WAITING AS I WAIT

Standing in a one-track train station without a timetable, I wait for a train the ghosts say never comes but once a lifetime.

Of course, I ignore them—they are ghosts, after all, incorporeal beings always losing their shapes and everything contained in those shapes, while I am still alive and full of the confidence and surety of my rightness that only the living possess, packaged tightly within my solid form—keeping my eyes on the horizon I imagine the train will come from.

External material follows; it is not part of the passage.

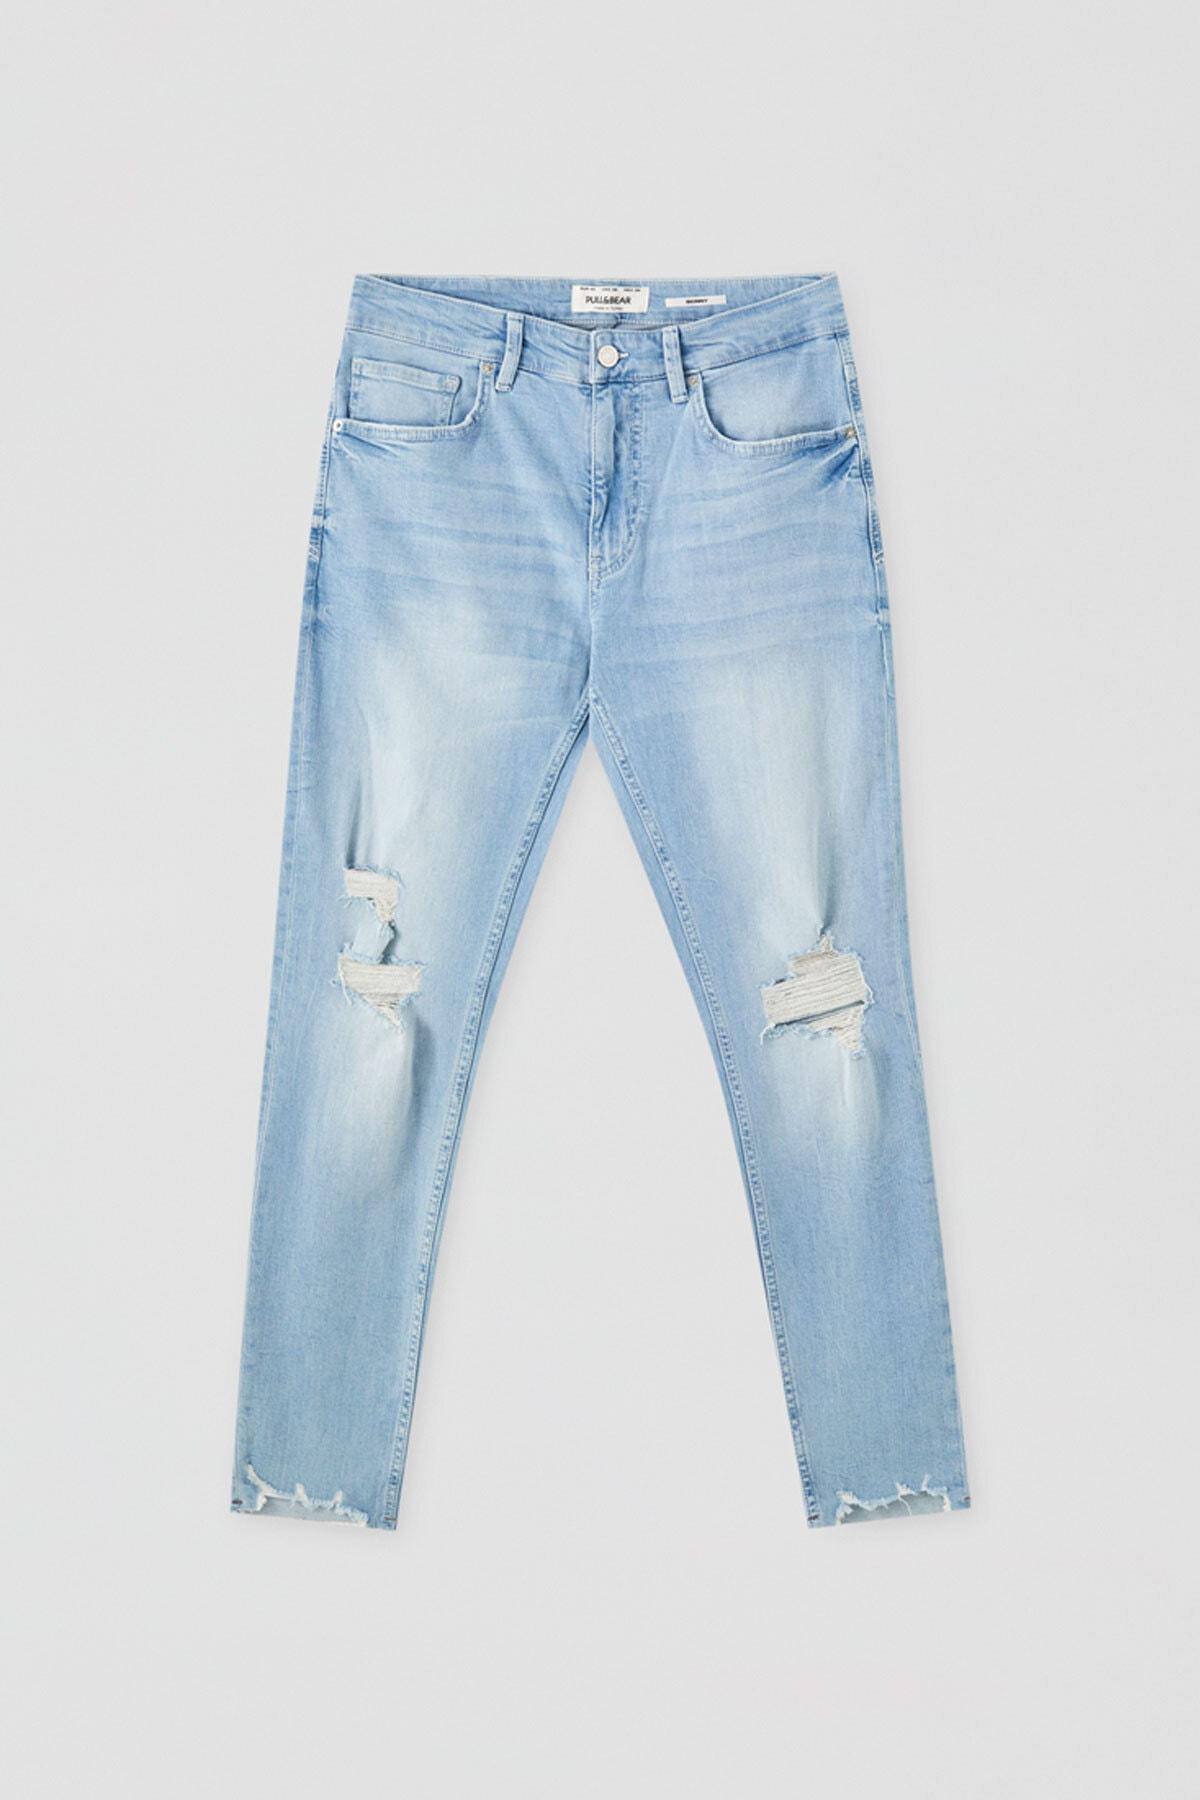 Pull & Bear Erkek Distressed Premium Skinny Fit Jean 05682563
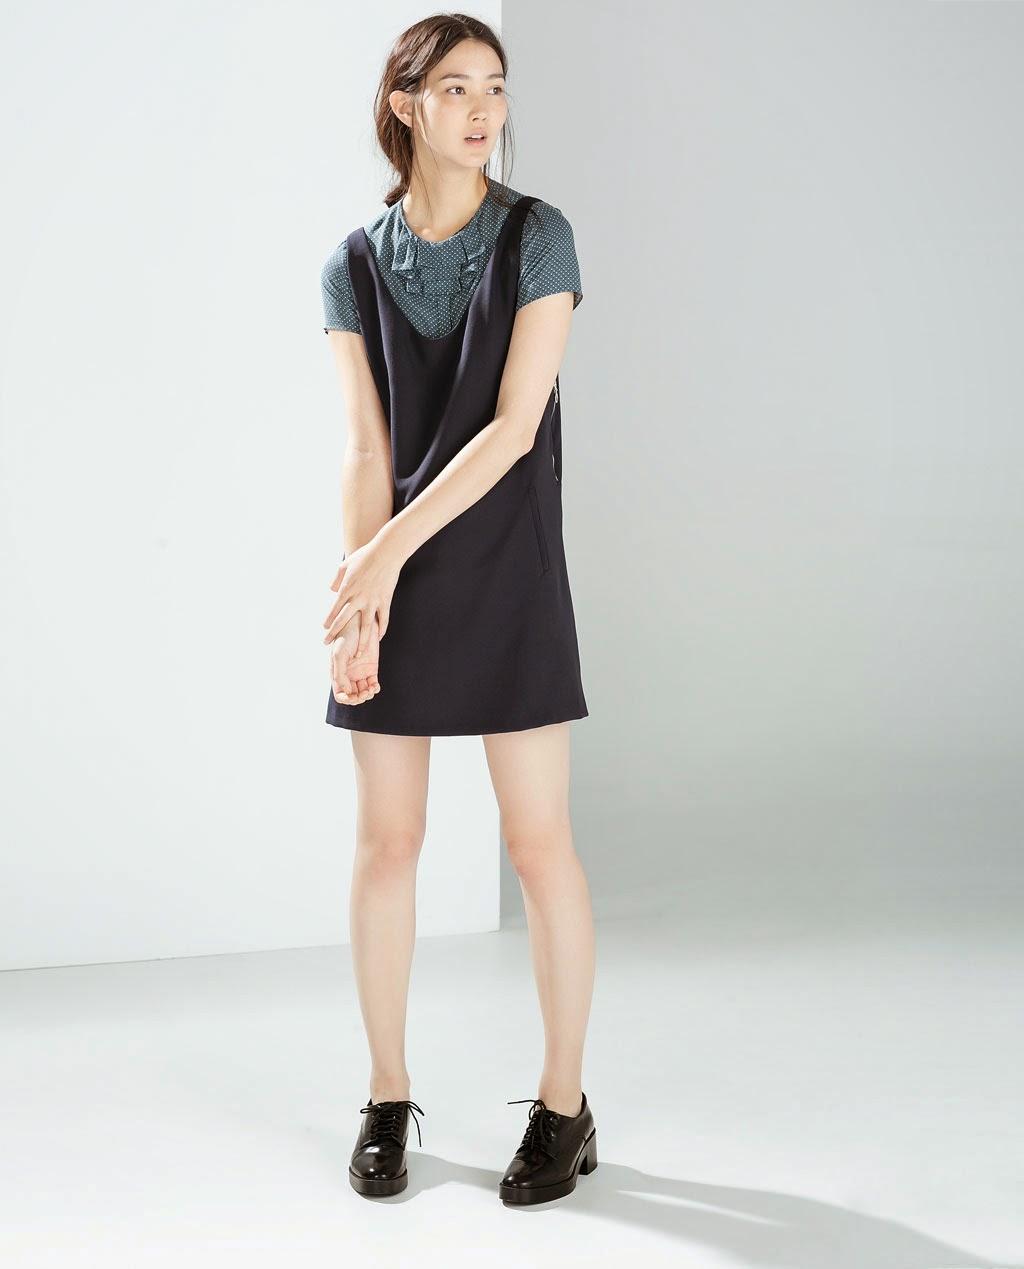 Vestido pichi cremalleras laterales de Zara / Zara lateral zips dress

Time upon time a train arrives, coming from the opposite horizon, suddenly there as though it had always been there and my eyes had failed to see it, silent, vapor caressing its fading silver skin, stunted reflections showing in its carapace that do not seem to match any part of the station surrounding it. I go to board, but cannot, and am told without words being spoken—the knowledge suddenly appearing in my head, absent one moment, present the next—that only ghosts are allowed on this train, and I am not a ghost, not yet; this train and all the trains I have seen are not the train I am waiting for, but I do not know this, cannot know this, until I try to board them, and the unspoken words appear in my head, and so I try to board all of them, sure that this one—this very one!—will be the very one for me.

The ghosts cover their phantom mouths as they snigger, having found their prescribed seats. As one they whisper, 'Not yet, not yet', as the train pulls out and speeds to the horizon I have spent a lifetime searching, and I can hear them clearly, though the windows of the train are thick and remain unopen; I imagine I can see the air between us vibrating as their voices travel towards me even as the train pulls away.

Not yet. No, not yet. But life is not forever, not in any singular sense, which is the only sense that matters when one only has one life, and I will wait at this station, now turning my head from horizon to horizon—though I am reasonably confident that my train will come from the horizon I have long been watching—until ‘not yet’ becomes ‘now’, and a train appears that I am able to board, the seat awaiting me, and no one else, known to me as soon as I lay eyes upon it.